## Required action
Starting at the top of the entries below, print each line exactly until the line with "Karl ENS - 2" has been printed too.

## Items listed in a dataset
--- --- ---
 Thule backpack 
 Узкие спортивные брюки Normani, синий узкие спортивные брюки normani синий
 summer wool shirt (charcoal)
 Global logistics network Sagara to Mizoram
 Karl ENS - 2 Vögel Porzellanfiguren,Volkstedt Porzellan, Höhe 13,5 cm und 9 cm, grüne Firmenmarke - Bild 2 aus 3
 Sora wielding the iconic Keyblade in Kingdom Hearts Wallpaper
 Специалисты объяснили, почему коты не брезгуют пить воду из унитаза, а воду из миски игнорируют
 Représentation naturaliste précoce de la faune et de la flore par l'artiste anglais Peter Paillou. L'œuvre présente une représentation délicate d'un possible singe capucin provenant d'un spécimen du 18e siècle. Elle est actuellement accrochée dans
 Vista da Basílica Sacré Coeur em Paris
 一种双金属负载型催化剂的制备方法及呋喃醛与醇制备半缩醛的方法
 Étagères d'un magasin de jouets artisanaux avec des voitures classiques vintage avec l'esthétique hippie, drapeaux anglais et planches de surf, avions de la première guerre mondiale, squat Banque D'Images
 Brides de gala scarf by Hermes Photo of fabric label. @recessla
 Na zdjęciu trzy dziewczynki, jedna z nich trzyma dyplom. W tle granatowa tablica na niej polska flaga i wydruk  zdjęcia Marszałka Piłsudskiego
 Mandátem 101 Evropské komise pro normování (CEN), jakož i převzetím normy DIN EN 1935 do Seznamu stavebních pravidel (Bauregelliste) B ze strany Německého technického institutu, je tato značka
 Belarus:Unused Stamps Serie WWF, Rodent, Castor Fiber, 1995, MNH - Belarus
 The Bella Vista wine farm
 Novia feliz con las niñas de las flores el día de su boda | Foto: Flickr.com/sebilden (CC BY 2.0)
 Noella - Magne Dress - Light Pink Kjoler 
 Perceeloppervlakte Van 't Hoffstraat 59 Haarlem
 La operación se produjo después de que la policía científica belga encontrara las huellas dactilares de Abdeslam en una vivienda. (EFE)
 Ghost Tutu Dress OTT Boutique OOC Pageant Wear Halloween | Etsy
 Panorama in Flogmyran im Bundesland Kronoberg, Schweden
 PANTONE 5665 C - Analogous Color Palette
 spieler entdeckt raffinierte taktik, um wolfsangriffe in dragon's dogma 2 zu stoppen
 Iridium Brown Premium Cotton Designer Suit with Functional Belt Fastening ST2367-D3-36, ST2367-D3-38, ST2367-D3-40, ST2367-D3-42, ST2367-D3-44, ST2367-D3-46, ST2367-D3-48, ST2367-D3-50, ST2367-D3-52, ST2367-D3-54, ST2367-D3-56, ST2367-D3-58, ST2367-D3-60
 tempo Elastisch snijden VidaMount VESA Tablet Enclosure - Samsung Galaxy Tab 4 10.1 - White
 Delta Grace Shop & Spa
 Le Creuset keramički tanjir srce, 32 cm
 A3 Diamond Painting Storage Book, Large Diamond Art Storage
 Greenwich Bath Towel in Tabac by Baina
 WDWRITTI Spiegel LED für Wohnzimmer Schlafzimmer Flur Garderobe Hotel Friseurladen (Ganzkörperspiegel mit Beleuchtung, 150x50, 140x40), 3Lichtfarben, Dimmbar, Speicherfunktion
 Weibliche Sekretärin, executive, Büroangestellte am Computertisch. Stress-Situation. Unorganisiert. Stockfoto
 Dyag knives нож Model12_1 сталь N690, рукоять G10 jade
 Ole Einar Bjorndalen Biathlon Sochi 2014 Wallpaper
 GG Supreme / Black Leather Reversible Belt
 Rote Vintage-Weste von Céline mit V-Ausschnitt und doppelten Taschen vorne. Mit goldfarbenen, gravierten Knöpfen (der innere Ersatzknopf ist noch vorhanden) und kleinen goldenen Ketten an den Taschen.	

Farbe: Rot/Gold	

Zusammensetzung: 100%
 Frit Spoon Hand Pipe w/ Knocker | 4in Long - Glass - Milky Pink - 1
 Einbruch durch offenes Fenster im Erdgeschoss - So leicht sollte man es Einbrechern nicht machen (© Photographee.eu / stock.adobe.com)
--- --- ---
## Answer to this exercise
 Thule backpack 
 Узкие спортивные брюки Normani, синий узкие спортивные брюки normani синий
 summer wool shirt (charcoal)
 Global logistics network Sagara to Mizoram
 Karl ENS - 2 Vögel Porzellanfiguren,Volkstedt Porzellan, Höhe 13,5 cm und 9 cm, grüne Firmenmarke - Bild 2 aus 3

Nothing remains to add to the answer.